How To Develop A Big Data Strategy?
Big Data strategy plays key role in the business transformation and the following six steps will help you ensure the optimal use of Big Data in your company.
Identify Know-How Gaps
It is a relatively new technology that is only getting started in many companies. The problem: Many IT experts are not yet sufficiently familiar with the methodology to use it profitably, even if the appropriate tools are available. Therefore, you should evaluate the status quo initially: What know-how is known internally, what gaps are there?
Then take systematic action to close those gaps. For example, there are multiple e-learning offers on platforms such as Udemy. The manufacturers of significant data software also often offer related training courses. You can also close know-how gaps by hiring dedicated prominent data experts. Or bring in external consultants or managed services providers. The advantage of this variant: You can buy exactly as much support as you need; “Overstaffing” is avoided.
Set Up a Center Of Excellence
It’s not just about bringing the relevant know-how into the company: it also has to be distributed skillfully.
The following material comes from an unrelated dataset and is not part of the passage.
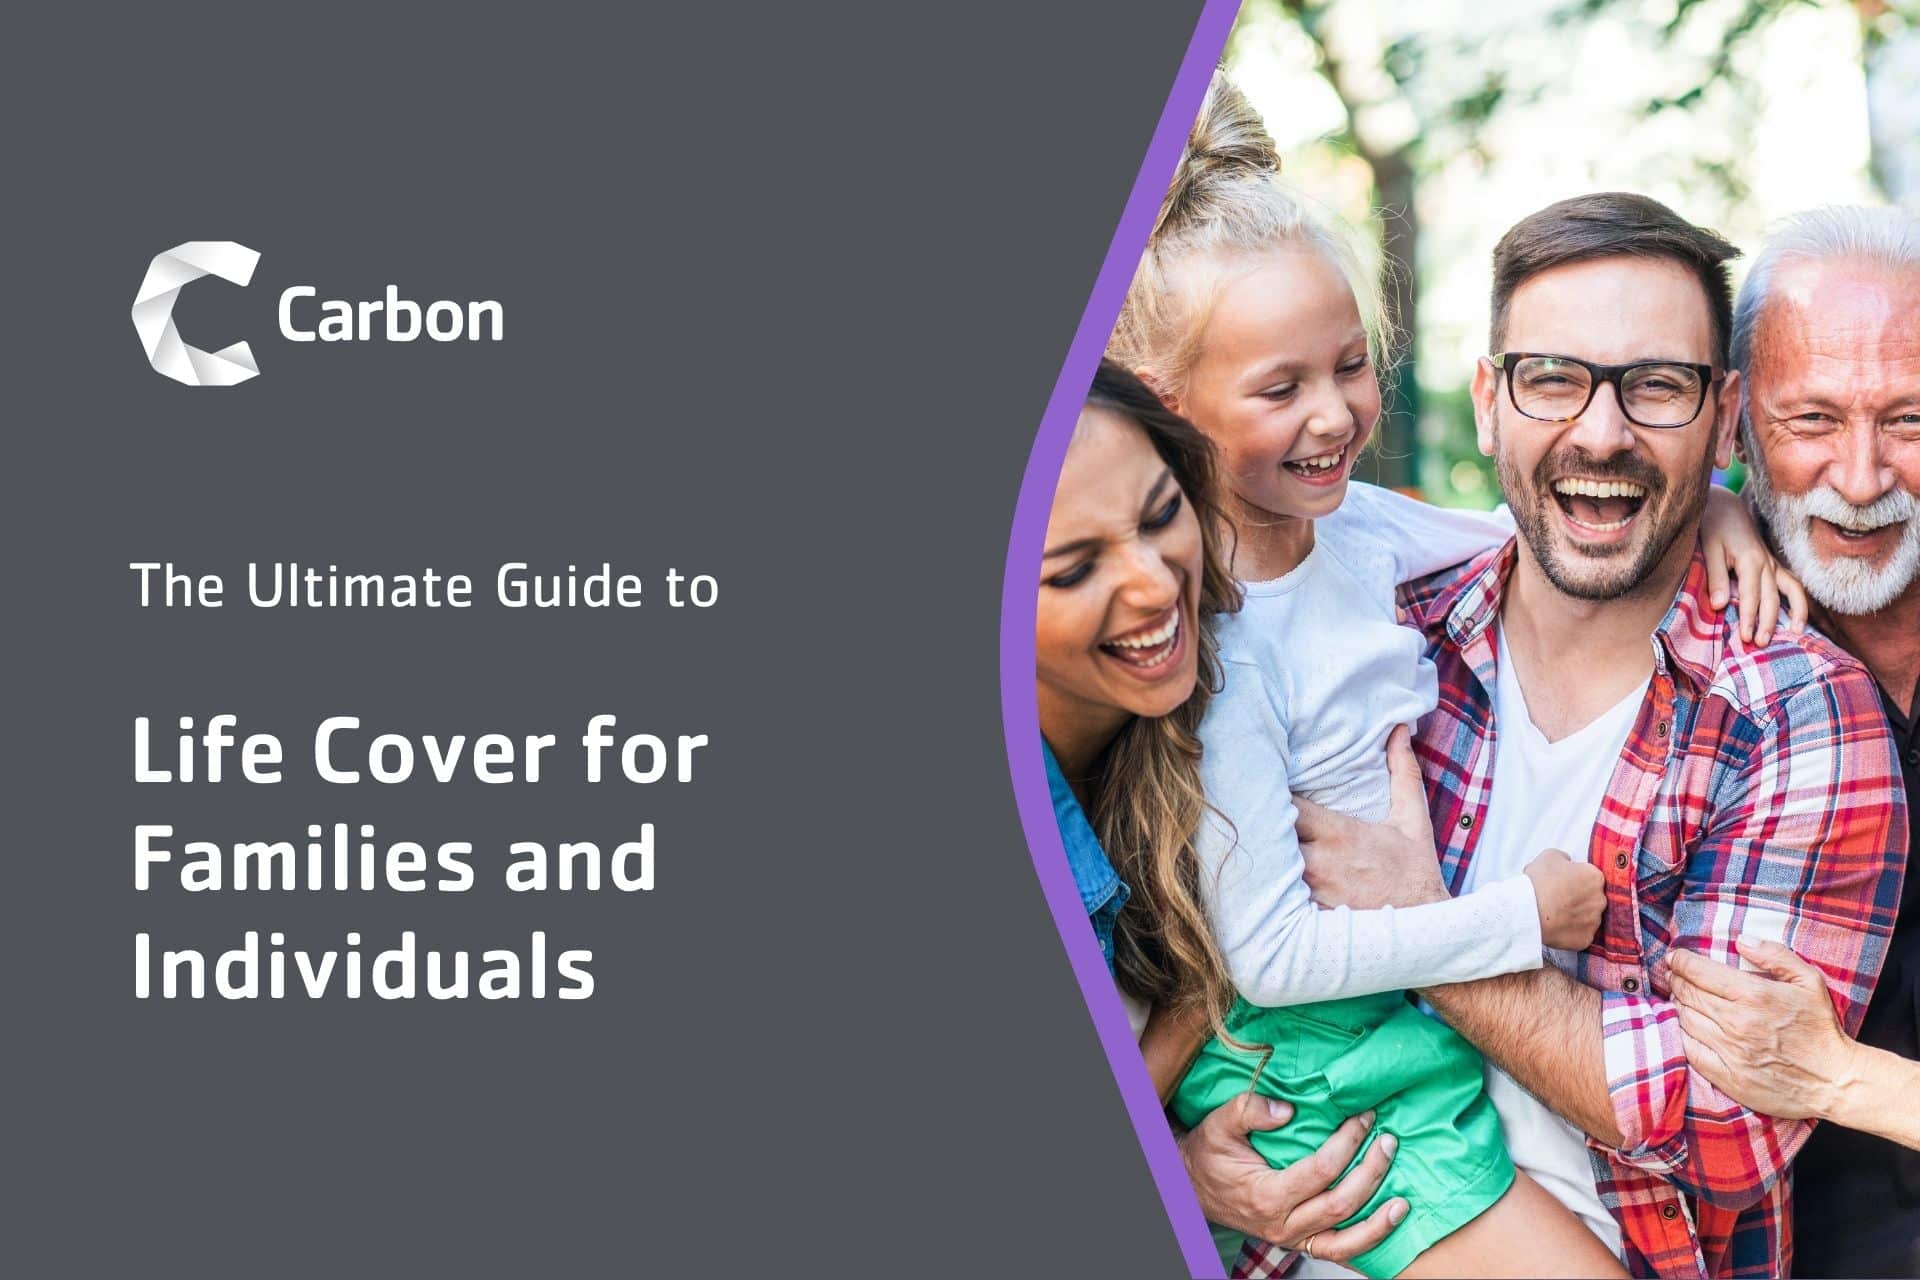 The Ultimate Guide to Life Cover for Families and Individuals

If only a select few know about it, the positive benefit for your organization is minimal. Therefore, it is remarkably advisable for large organizations to set up an Excellence Center.
Here, relevant information, techniques, and best practices are documented centrally for everyone. This can be done very quickly in a company wiki, but it can also be combined with project descriptions and self-produced e-learning offers. In this way, ample data know-how is propagated throughout the company, the investment costs are amortized, and the employees are further qualified.
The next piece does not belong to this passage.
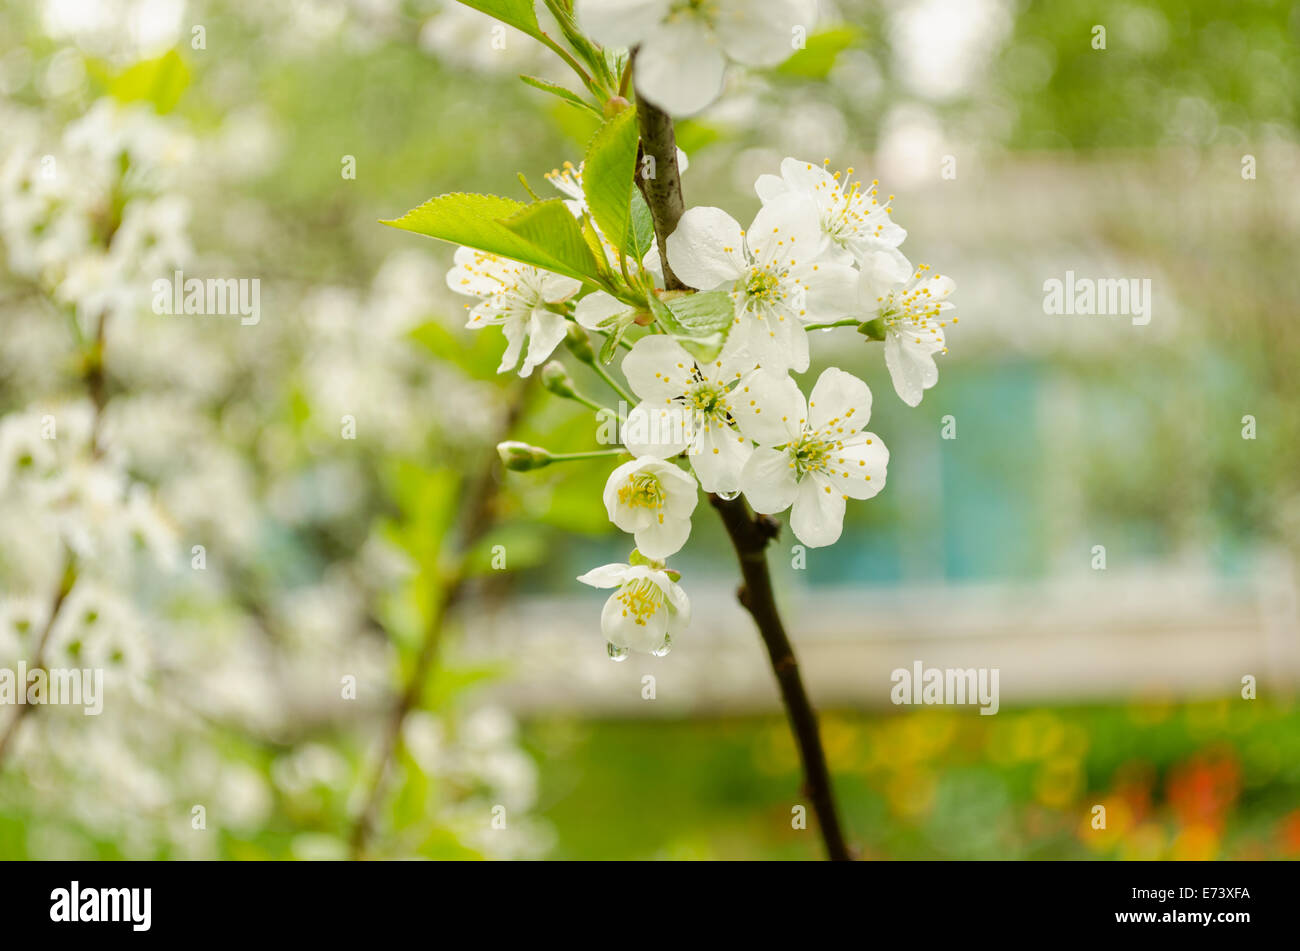 small apple tree branch with small white flowers and leaves with drops of rain Stock Photo

Identify Significant Data Sources
There are different categories of data that you can include in your big data strategy. The most important are:
- Streamed data. This data usually comes from IoT devices such as networked machines, self-driving cars, or medical wearables. Some of these devices process the information directly with the help of built-in microprocessors ( edge computing ). In contrast, others only read the data via sensors and upload it to the cloud.
- Social media data. Content trends and user reactions on platforms like Facebook, LinkedIn, or Instagram are evaluated here. This is particularly relevant for marketing, sales, and support. But product development can also benefit because user needs are recognized more quickly and translated into solutions. Typically, this type of data requires more post-processing effort because of various media types (text, images, videos, GIFs).
- Public and shared data. Analyzing public resources such as websites, pronouncements, legal texts, and generally accessible databases can also be worthwhile. B2B companies are also interested in data made available to them by suppliers or customers. For example, if an aircraft manufacturer makes component wear data available to its supplier, the latter can use this for product optimization by using new materials or strengthening weak points.
Choose Your Analysis Method
You should always make a preliminary selection: Which data is worth analyzing now, and which data can we ignore for the time being? In this way, you keep the use of resources manageable. In the second step, you should deal with the technological implementation. The bandwidth ranges from grid computing and in-memory technologies to machine learning applications. The latter can increasingly be obtained flexibly as a service from the cloud Machine Learning as a Service. Almost all major providers such as Microsoft, Amazon, IBM, or Google now offer corresponding SaaS solutions, for example, for predictive analytics, risk and customer forecasts, and natural language processing.
Connect Big Data Strategy With Existing Data Sets
Many new big data adopters fail to compare their analysis to previously collected data. Such comparisons can bring quick insights to light. An example: Compare the customer satisfaction of your previous critical accounts with the customer satisfaction of all buyers. The same applies to the previously collected supplier, production, and environmental data. This gives you a direct time perspective, even though you’ve only recently started using big data tools.
Use Big Data Strategy With A Cloud Solution
It requires enormous computing resources. This applies to the pure storage of the data and the computing power for functional analysis. Your users should be able to set up new analytics sandboxes at any time as needed. In some cases, simulations have to be carried out based on the data obtained to test that the data have been interpreted correctly; only then can the actual process be adapted. Traditional on-premises infrastructures are quickly overwhelmed with such scenarios. Instead, it would help if you had a solution that scales flexibly.
Therefore, many big data concepts rely on the cloud as a technological basis, with entirely different manifestations. A public cloud solution offers favorable primarily cost structures. However, a private cloud is better suited for sensitive data, for example, in the insurance or financial sector. Some models combine both approaches, such as the so-called hybrid cloud. And in a community cloud, several companies with similar data need to share the same cloud space.